The python interpreter interprets the contents of the executable file, so the python interpreter has the ability to read py files, just like a text editor
What is different from a text editor is that the python interpreter can not only read the contents of the file, but also execute the contents of the file
Back to top II What is character encoding
For the computer to work, it must be powered on, that is to say, 'electricity' drives the computer to work, and the characteristics of 'electricity' are high and low (high and low means binary number 1, low level means binary number 0), which means that the computer Know only numbers

 

The purpose of programming is to let the computer work, and the result of programming is just a bunch of characters, that is to say, what we want to achieve in programming is: a bunch of characters drive the computer to work

 

So it must go through a process:

Character -------- (translation process) -------> number

This process is actually a standard for how a character corresponds to a specific number, this standard is called character encoding



 The following two scenarios involve character encoding issues:

1. The content of a python file is composed of a bunch of characters

2. Data type strings in Python are composed of a string

Back to top Three History of Character Encoding
Phase 1: Modern computers originated in the United States, and the earliest birth of ASCII was also based on English considerations

ASCII: One Bytes represents one character (English characters / all other characters on the keyboard), 1Bytes = 8bit, 8bit can represent 0-2 ** 8-1 variations, which can represent 256 characters

ASCII originally only used the last seven digits and 127 digits, which can completely represent all the characters on the keyboard (English characters / all other characters on the keyboard)

Later, in order to encode the Latin into the ASCII table, the highest bit is also occupied.

 

Phase 2: In order to meet Chinese, the Chinese customized GBK

GBK: 2Bytes represents a character

 

 In order to meet other countries, each country has customized its own code

Japanese compiles Japanese into Shift_JIS, South Korea compiles Korean into Euc-kr

 

Phase 3: When countries have their own standards, conflicts will inevitably occur. As a result, in multilingual mixed text, there will be garbled characters.

As a result, unicode was generated. Uses 2Bytes to represent a character. 2 ** 16-1 = 65535, which can represent more than 60,000 characters, so it is compatible with IWC.

But for texts that are all in English, this encoding method undoubtedly doubles the storage space (the binary is ultimately stored in the storage medium in an electrical or magnetic manner)

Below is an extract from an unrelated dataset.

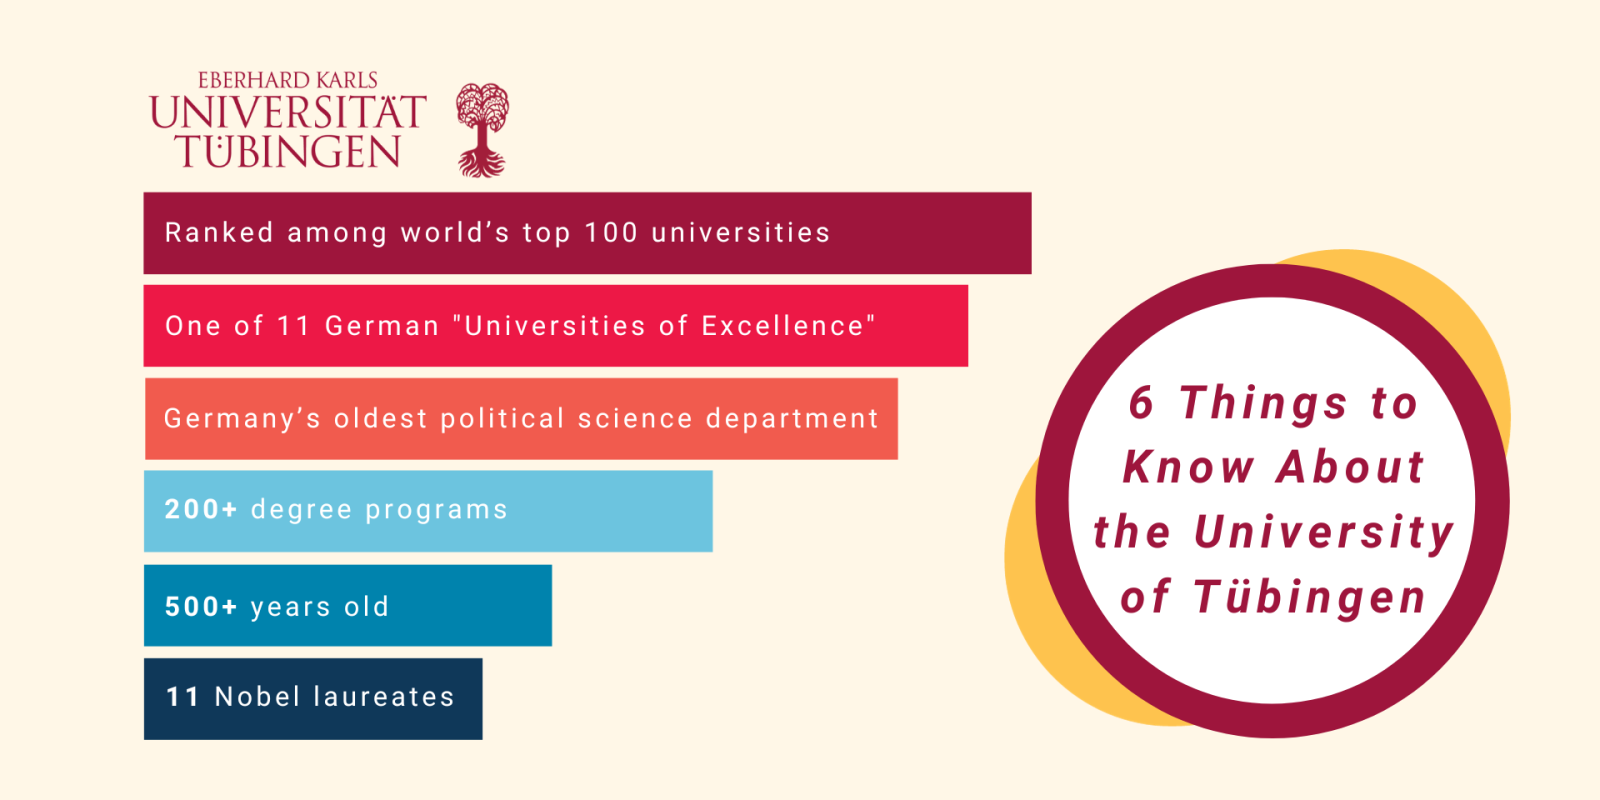 Graphic reads: 6 Things to Know About the University of Tubingen, Ranked among the world's top 100 universities, Oldest and pioneering political science department in Germany, One of 11 German "Universities of Excellence", 500+ years old, 200+ academic programs, 11 Nobel laureates
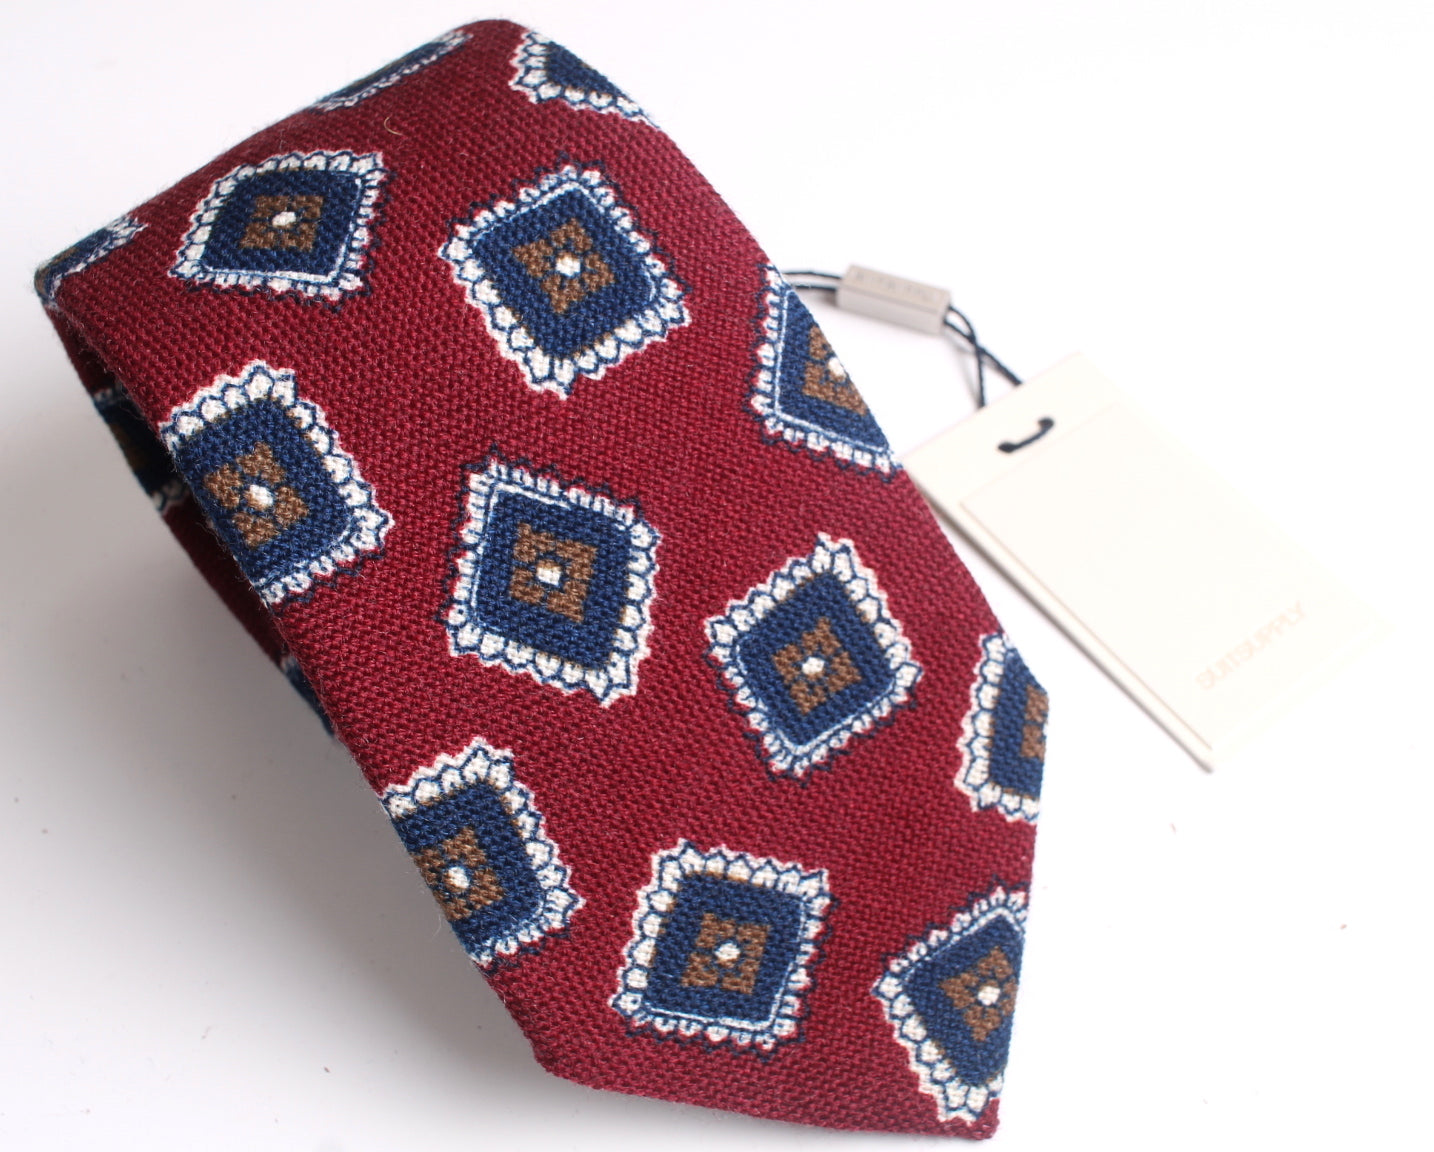 New SUITSUPPLY Burgundy Graphic Tie

So UTF-8 was generated, which was only represented by 1Bytes for English characters and 3Bytes for Chinese characters.

 

One thing to emphasize is:

unicode: simple and rude, all characters are 2Bytes, the advantage is that the character-> number conversion is fast, the disadvantage is that it takes up a lot of space

UTF-8: Accurate, use different length for different characters, the advantage is to save space, the disadvantage is: the conversion of characters-> numbers is slow, because each time you need to calculate how long the characters need to be in bytes to be able to accurately represent



The encoding used in memory is unicode, and space is used for time (programs need to be loaded into memory to run, so the memory should be as fast as possible)
UTF-8 is used in the hard disk or network transmission. The network I / O delay or disk I / O delay is much larger than the UTF-8 conversion delay, and the I / O should save bandwidth as much as possible to ensure the stability of data transmission.
All programs must be loaded into the memory in the end. The programs are saved to the hard disk in different countries with different encoding formats, but in the memory we are compatible with IWC (computers can run programs in any country because of this), uniform and fixed use of unicode, This is the reason why unicode is fixed in the memory. You might say that it is compatible with IWC. I can use utf-8. Yes, it works perfectly. The reason why it is not necessary is that unicode is more efficient than utf-8. Byte encoding, utf-8 needs to be calculated), but unicode is more wasteful of space, yes, this is a way to exchange space for time, and stored on the hard disk, or network transmission, you need to convert unicode to utf-8 Because the pursuit of data transmission is stability and efficiency, the smaller the amount of data, the more reliable the data transmission, so they are all converted to utf-8 format, not unicode.
Detailed
 

 

Back to top Four. Character encoding classification (simple understanding)
The computer was invented by Americans. The earliest character encoding was ASCII, which only stipulated the correspondence between English alphanumeric characters and some special characters and numbers. It can only be represented by up to 8 bits (one byte), that is: 2 ** 8 = 256, so the ASCII code can only represent up to 256 symbols

Of course, all of our programming languages are English, and ASCII is sufficient, but when processing data, different countries have different languages. Japanese will add Japanese to their programs, and Chinese will add Chinese.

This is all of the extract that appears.